Diabetes surgeries are used to treat diabetes, known by the public. In fact, all of these surgeries are known as metabolic surgeries. Metabolic surgeries are also obesity surgeries. But the purpose is different. It is called obesity surgery if it is performed for obesity, but metabolic surgery if it is performed for metabolic diseases.
When it comes to diabetes surgery, surgeries other than obesity surgeries should not be considered. The surgeries used are exactly the same. When there is surgery for the patient's sugar, it is called metabolic surgery instead of obesity surgery.
The World Obesity Associations do not recommend metabolic surgery for patients with diabetes (body mass index below 30). In other words, these operations are not recommended for patients who are not overweight and have diabetes. Because there are not enough studies on this and the long-term results are not known.
a) Gastric bypass
b) Stomach band
c) Sleeve gastrectomy (tube stomach)
d) Duodenal switch
There are 4 surgeries accepted as a standard in the world as diabetes surgery or metabolic surgery. These surgeries have been applied in the world for a long time and have long-term results and have proven success.

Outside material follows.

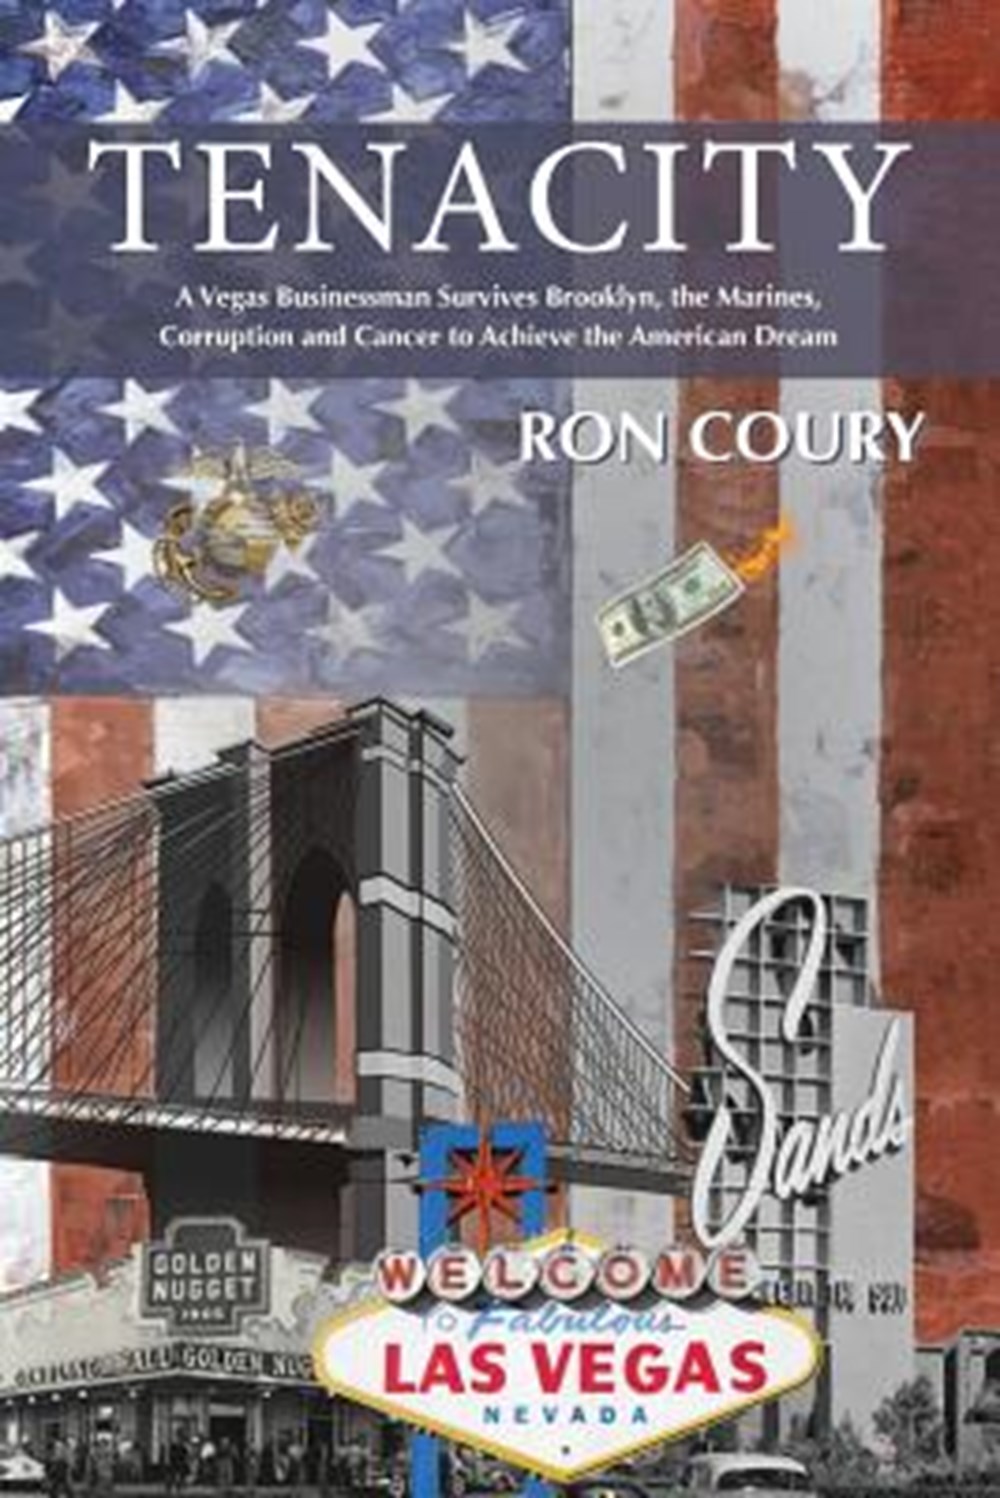 Tenacity A Vegas Businessman Survives Brooklyn, the Marines, Corruption and Cancer to Achieve the Am

a) Gastric bypass: It is one of the oldest surgeries. It used to be used frequently, but its use is decreasing. You can review the technical section on our gastric bypass page. It is effective in diabetes and is one of the most used surgeries for diabetes. It provides an improvement in sugar due to both weight loss and decrease in ghrelin hormone and increases in GLP-1 hormone.
b) Stomach band: A silicone band with adjustable stenosis is placed in the stomach band on the upper part of the stomach. Nowadays, its use has decreased a lot. The aim is to restrict eating. It does not make the hormonal change that other surgeries do. The patient improves diabetes due to weight loss over time.

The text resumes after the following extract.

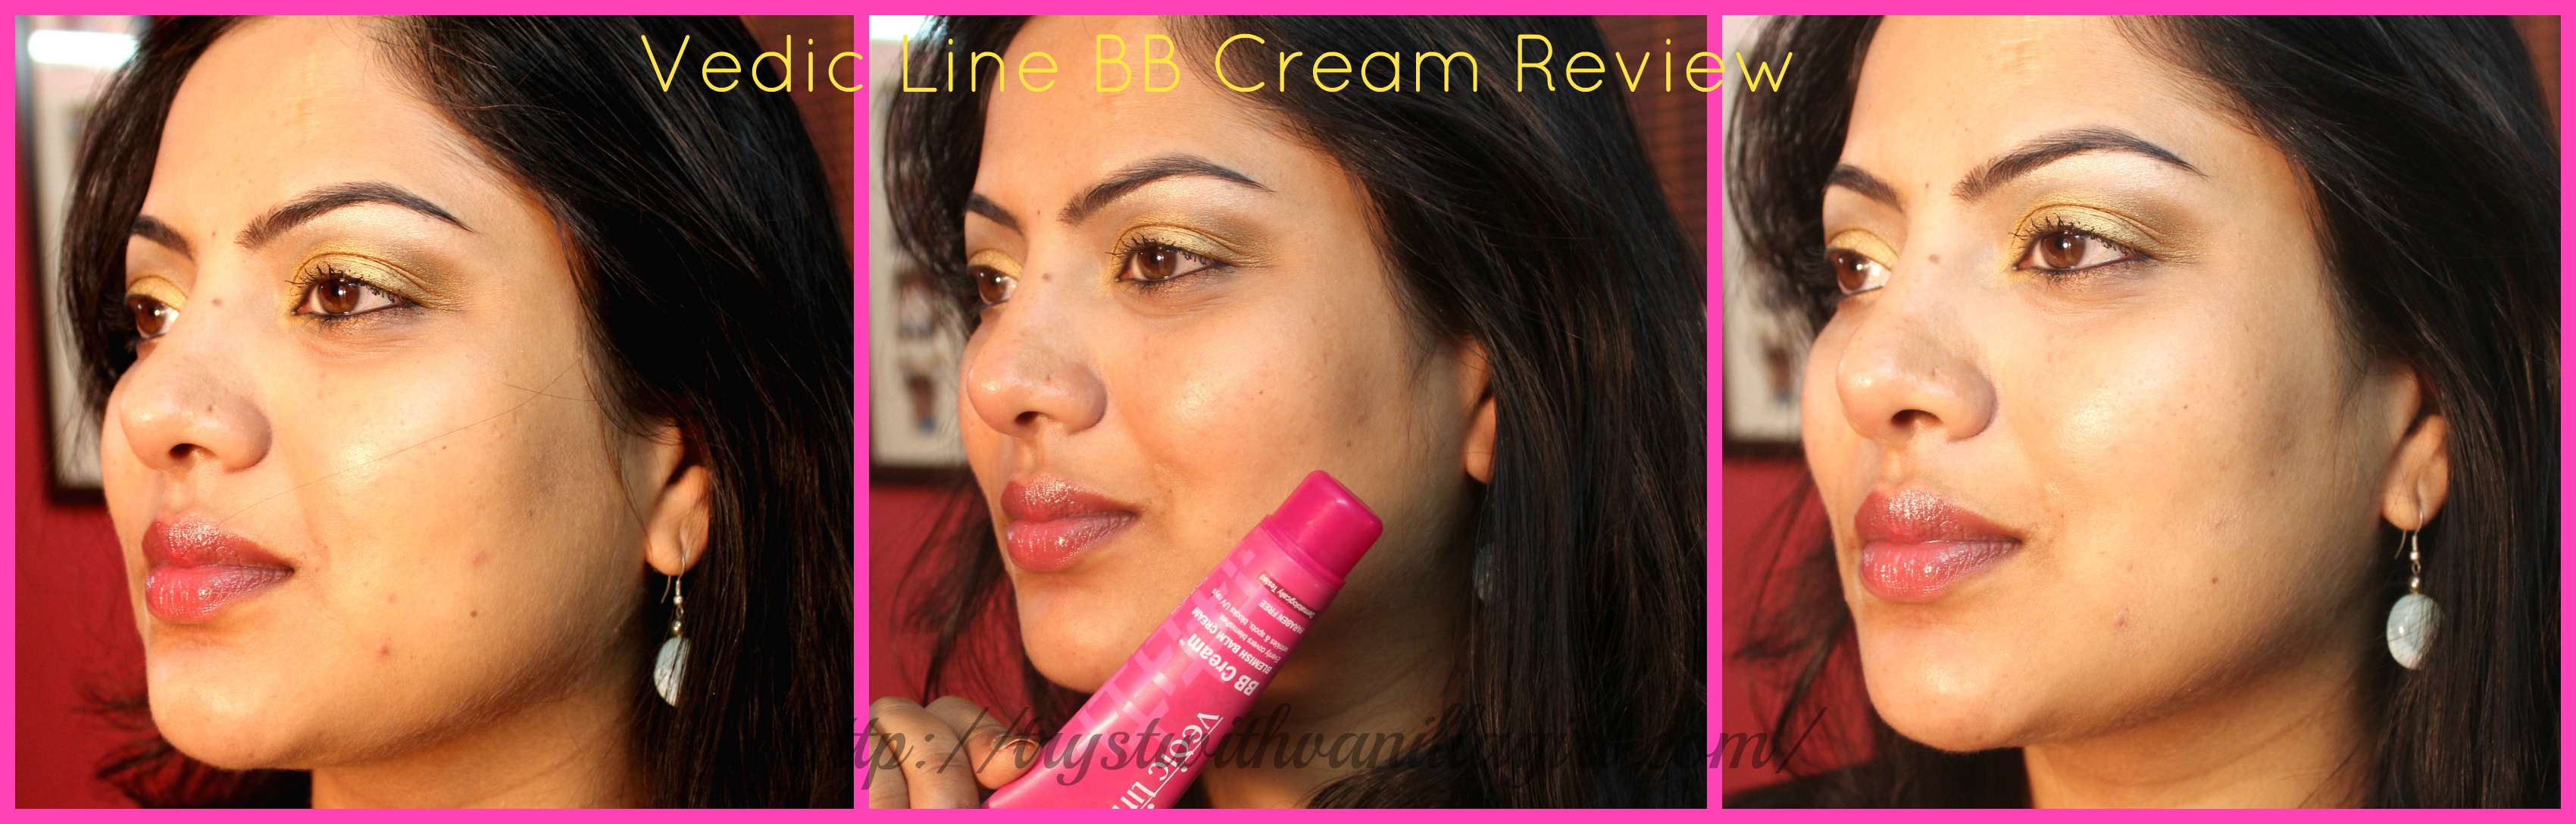 FIRST Vedic line BB Cream Review,swatch,Photos,Demo

c) Sleeve gastrectomy (tube stomach-stomach reduction): It is the most common obesity and metabolic surgery in the world. You can review the technical section on our tube stomach page. According to some publications, it is as effective as a gastric bypass in treating diabetes. As in gastric bypass, there are changes in the ghrelin hormone GLP-1 hormone.
d) Duodenal Switch: Its usage in the world is less than 1%. It is a very powerful surgery. But because of its high side effects, it is not used unless it is very necessary. It causes serious absorption disorder.